*** Block opens ***

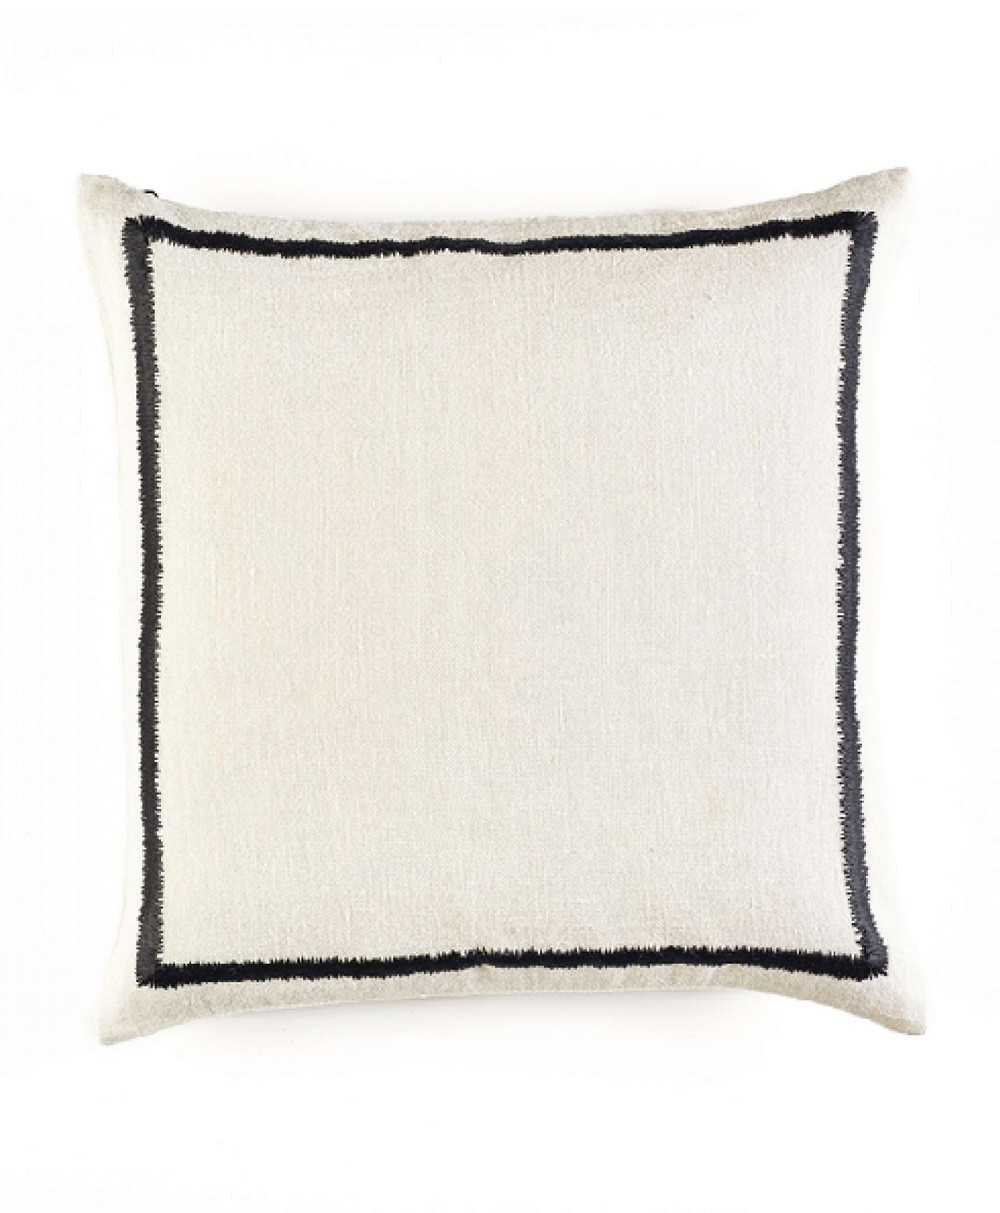 Embroidered linen cushion Kea
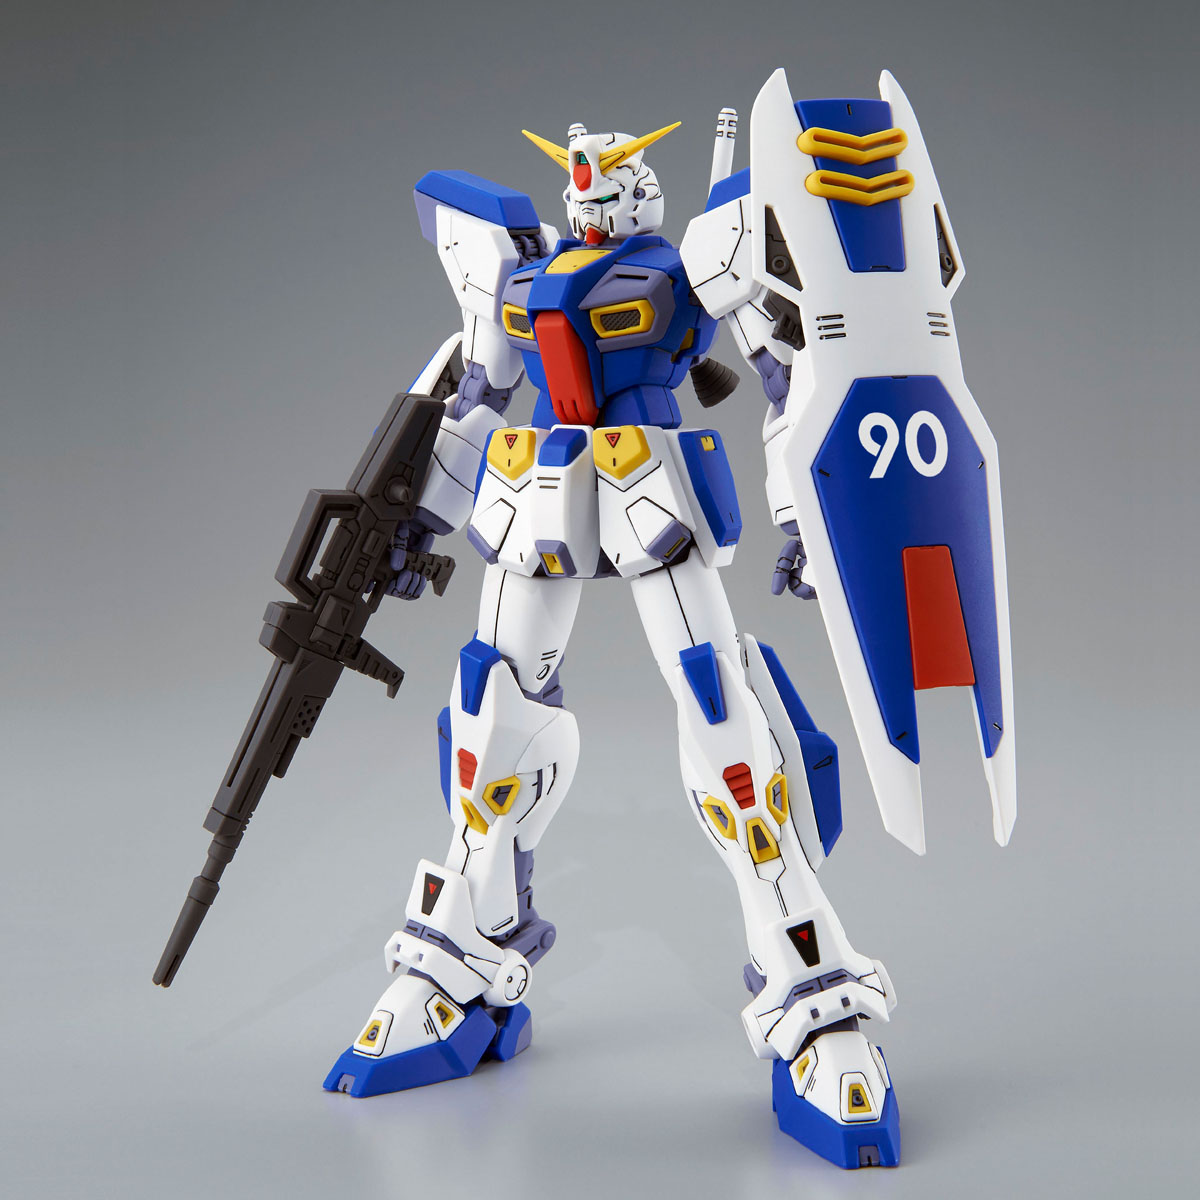 Premium Bandai MG 1/100 F90 Gundam F90 Mobile Suit Kit Modello Dal Giappone 
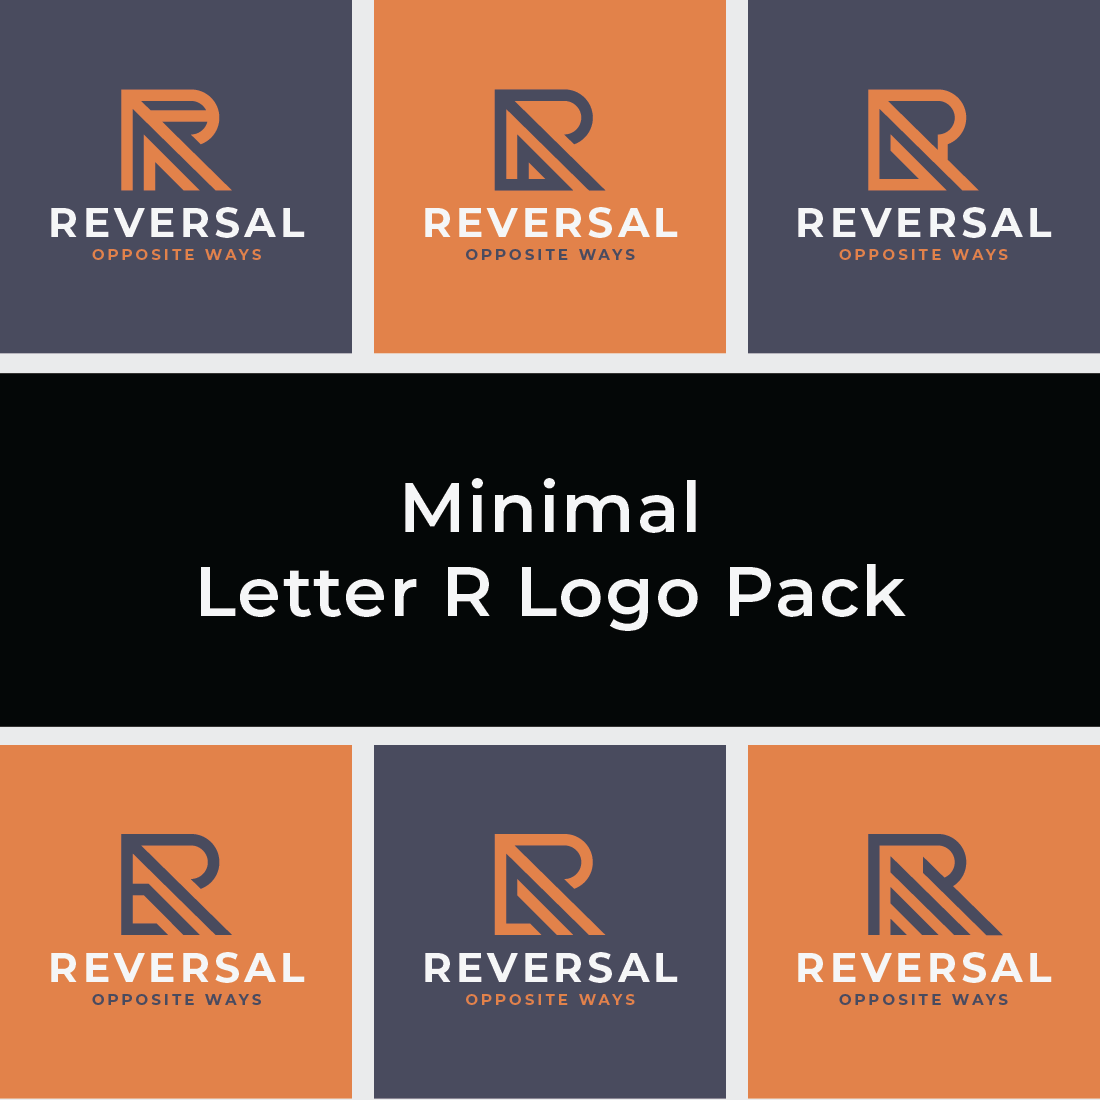 Minimal Letter R Logo Pack preview image.

*** Block closes ***

#### EXERCISE INSTRUCTIONS
When you reach the line that contains "Premium Bandai MG", start copying the listing word for word and stop only after its last line, without any pictures.

#### EXERCISE RESULT
 Premium Bandai MG 1/100 F90 Gundam F90 Mobile Suit Kit Modello Dal Giappone 
 Minimal Letter R Logo Pack preview image.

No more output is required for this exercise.